Relates to #48183 and #44135

elasticmachine · 2020-01-07T21:52:46Z

Pinging @elastic/es-core-features (:Core/Features/ILM+SLM)

andreidan · 2020-01-07T21:53:02Z

@dakrone what are your thoughts on this?

dakrone · 2020-01-07T22:18:28Z

I took a brief look. I think maybe we should separate this and support the parameter on the regular Rollover API (right now it's only accessible from the Transport layer I think?). Once that is available. I think splitting the steps on the ILM side sounds like a good idea to me. We need to make sure to default to the current behavior for the Rollover API though, to make sure we don't accidentally make a breaking change.

andreidan · 2020-01-08T10:26:51Z

@dakrone the regular Rollover API supports `wait_for_active_shards" as a query parameter and the rollover client api supports it as well ( https://github.com/elastic/elasticsearch/blob/master/server/src/main/java/org/elasticsearch/action/admin/indices/rollover/RolloverRequestBuilder.java#L101 )

Are you thinking of exposing this as a parameter in the ILM Rollover action configuration or something else?
ie.

"hot": {                      
        "actions": {
          "rollover": {             
            "max_size": "50GB",
            "max_age": "30d",
            "wait_for_active_shards": 2
          }
        }

I'm not sure we should do this as we didn't see interest into something like this and it also requires validating which we can't perform (the value must not be larger than the number of primaries + replicas but this is a policy definition that can be applied to any index - and then the templates for the rolled index can make this even more complex)

dakrone · 2020-01-08T17:53:36Z

Are you thinking of exposing this as a parameter in the ILM Rollover action configuration or something else?

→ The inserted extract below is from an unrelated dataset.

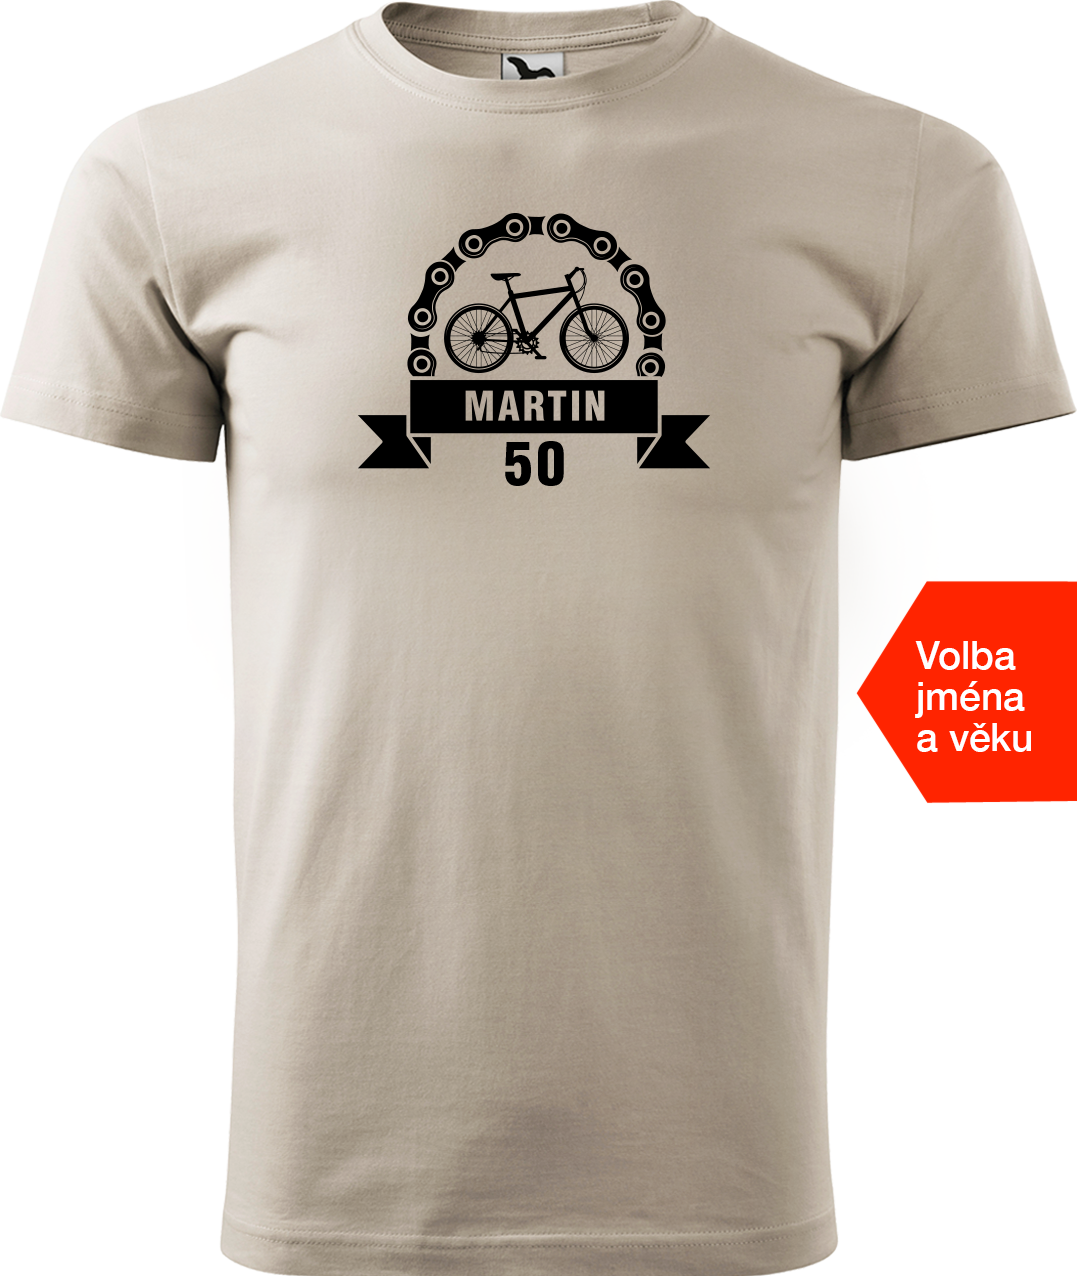 Pánské tričko pro cyklistu se jménem a věkem - Blahopřání Velikost: XL, Barva: Béžová (51)

Ah no! I didn't realize we had already exposed it (since only the setter was added in the actual change). If we already support it then splitting the two sounds good to me.

andreidan · 2020-01-15T13:17:19Z

@elasticmachine update branch

andreidan · 2020-01-15T17:46:39Z

@elasticmachine update branch

dakrone

Thanks Andrei, I left a couple of comments!

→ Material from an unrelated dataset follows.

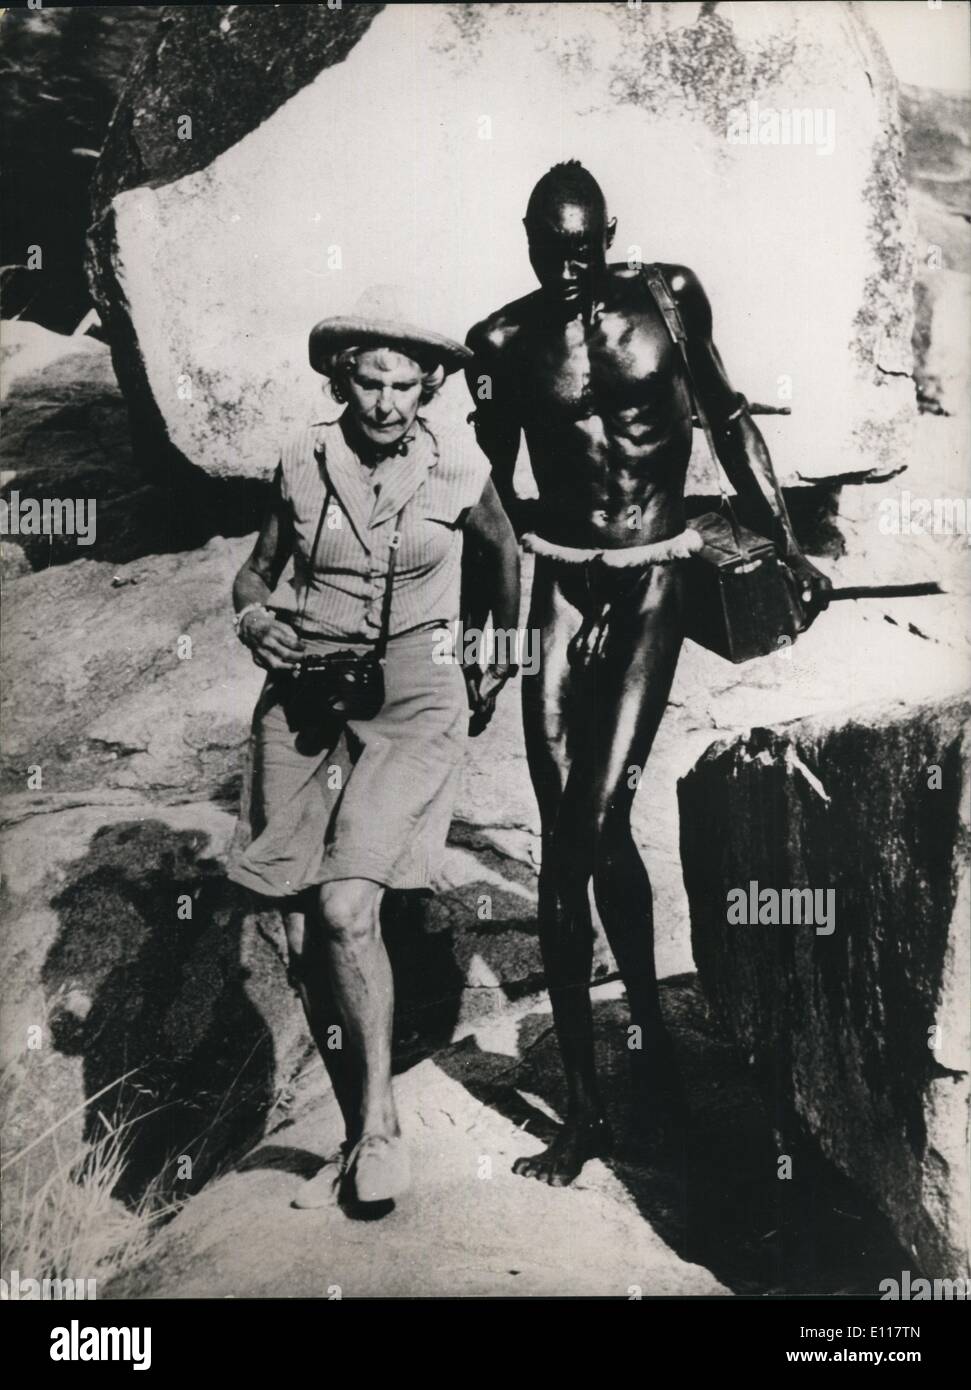 Avril 04, 1976 - Gold Award pour l'allemand : Leni Riefenstahl Leni Riefenstahl, le photographe allemand, a reçu une médaille d'or par l'Art Directors Club de l'Allemagne pour le meilleur les œuvres photographiques de 1975. Le prix a été remis pour ses photos sensationnelles de la tribu nouba qui seront publiés dans un livre illustré, appelé ''Les Nouba de Kau'' en août de cette année. Photo montre Leni Riefenstahl photographié pendant son séjour avec les Nuba avec un membre de la tribu qui porte son équipement. Banque D'Images

x-pack/plugin/core/src/main/java/org/elasticsearch/xpack/core/ilm/RolloverStep.java

x-pack/plugin/core/src/main/java/org/elasticsearch/xpack/core/ilm/WaitForActiveShardsStep.java

andreidan · 2020-01-16T12:47:46Z

@elasticmachine update branch

andreidan · 2020-01-16T13:54:39Z

@elasticmachine update branch

andreidan · 2020-01-16T17:53:39Z

x-pack/plugin/core/src/main/java/org/elasticsearch/xpack/core/ilm/WaitForActiveShardsStep.java

+            // if the rollover was not performed on a write index alias, the alias will be moved to the new index and it will be the only
+            // index this alias points to
+            List<IndexMetaData> indices = alias.getIndices();
+            assert indices.size() == 1 : "when performing rollover on alias with is_write_index = false the alias must point to only " +


this assertion doesn't stand in a CCR environment

coming up with the fix by parsing the number from the index name and finding the rolled index by "max number"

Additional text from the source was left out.